In this repo, GD-VCR dataset and codes about 1) general model evaluation, 2) detailed controlled experiments, and 3) dataset construction are provided.
GD-VCR
├─X_VCR --> storing GD-VCR/VCR data
├─configs
│ └─vcr
│ └─fine-tune-qa.json --> part of configs for evaluation
├─dataloaders
│ └─vcr.py --> load GD-VCR/VCR data based on configs
├─models
│ └─train.py --> fine-tune/evaluate models
│
├─val.jsonl --> GD-VCR dataset
├─val_addition_single.jsonl --> additional low-order QA pairs
First download the original VCR dataset to X_VCR
:
cd X_VCR
wget https://s3.us-west-2.amazonaws.com/ai2-rowanz/vcr1annots.zip
wget https://s3.us-west-2.amazonaws.com/ai2-rowanz/vcr1images.zip
unzip vcr1annots.zip
unzip vcr1images.zip
Then download the GD-VCR dataset to X_VCR
:
cd X_VCR
mv val.jsonl orig_val.jsonl
wget https://gdvcr.s3.us-west-1.amazonaws.com/MC-VCR_sample.zip
unzip MC-VCR_sample.zip
cd ..
mv val.jsonl X_VCR/
mv val_addition_single.jsonl X_VCR/
The detailed items in our GD-VCR dataset are almost the same as VCR. Please refer to VCR website for detailed explanations.
Prepare environment as mentioned in the original repo of VisualBERT.

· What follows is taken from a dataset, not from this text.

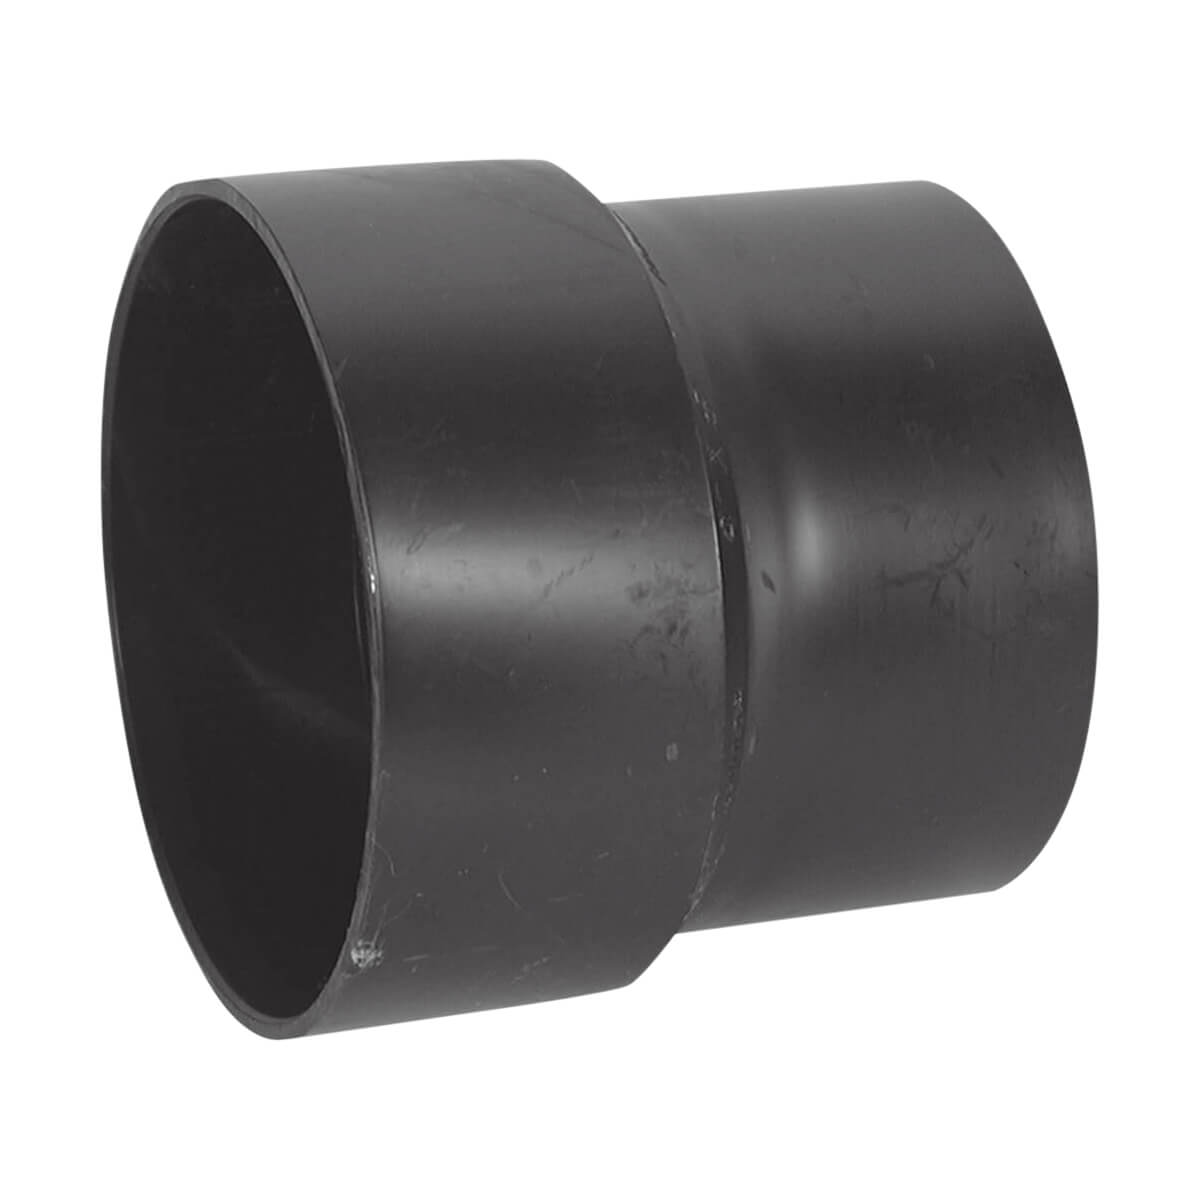 ABS-DWV Hub Adapter - Sewer to DWV - Hub - 4-in x 3-in

Download the task-specific pre-trained checkpoint on original VCR vcr_pre_train.th to GD-VCR/visualbert/trained_models
.
Then, use the command to fine-tune:
export PYTHONPATH=$PYTHONPATH:GD-VCR/visualbert/
export PYTHONPATH=$PYTHONPATH:GD-VCR/
cd GD-VCR/visualbert/models
CUDA_VISIBLE_DEVICES=0 python train.py -folder ../trained_models -config ../configs/vcr/fine-tune-qa.json
For convenience, we provide a trained checkpoint [Link] for quick evaluation.
CUDA_VISIBLE_DEVICES=0 python train.py -folder ../trained_models -config ../configs/vcr/eval.json \
[-region REGION] \
[-scene SCENE] \
[-single_or_multiple SINGLE_OR_MULTIPLE] \
[-orig_or_new ORIG_OR_NEW] \
[-addition_annotation_analysis] \
[-grounding]
Here are the explanations of several important attributions:
REGION
: One of the regionswest
,east-asia
,south-asia
,africa
.SCENE
: One of the scenario (e.g.,wedding
).SINGLE_OR_MULTIPLE
: Whether studyingsingle
(low-order) ormultiple
(high-order) cognitive questions.addition_annotation_analysis
: Whether studying GD-VCR or additional annotated questions. If yes, you can choose to setSINGLE_OR_MULTIPLE
to specify which types of questions you want to investigate.ORIG_OR_NEW
: Whether studying GD-VCR or original VCR dev set.grounding
: Whether analyzing grounding results by visualizing attention weights.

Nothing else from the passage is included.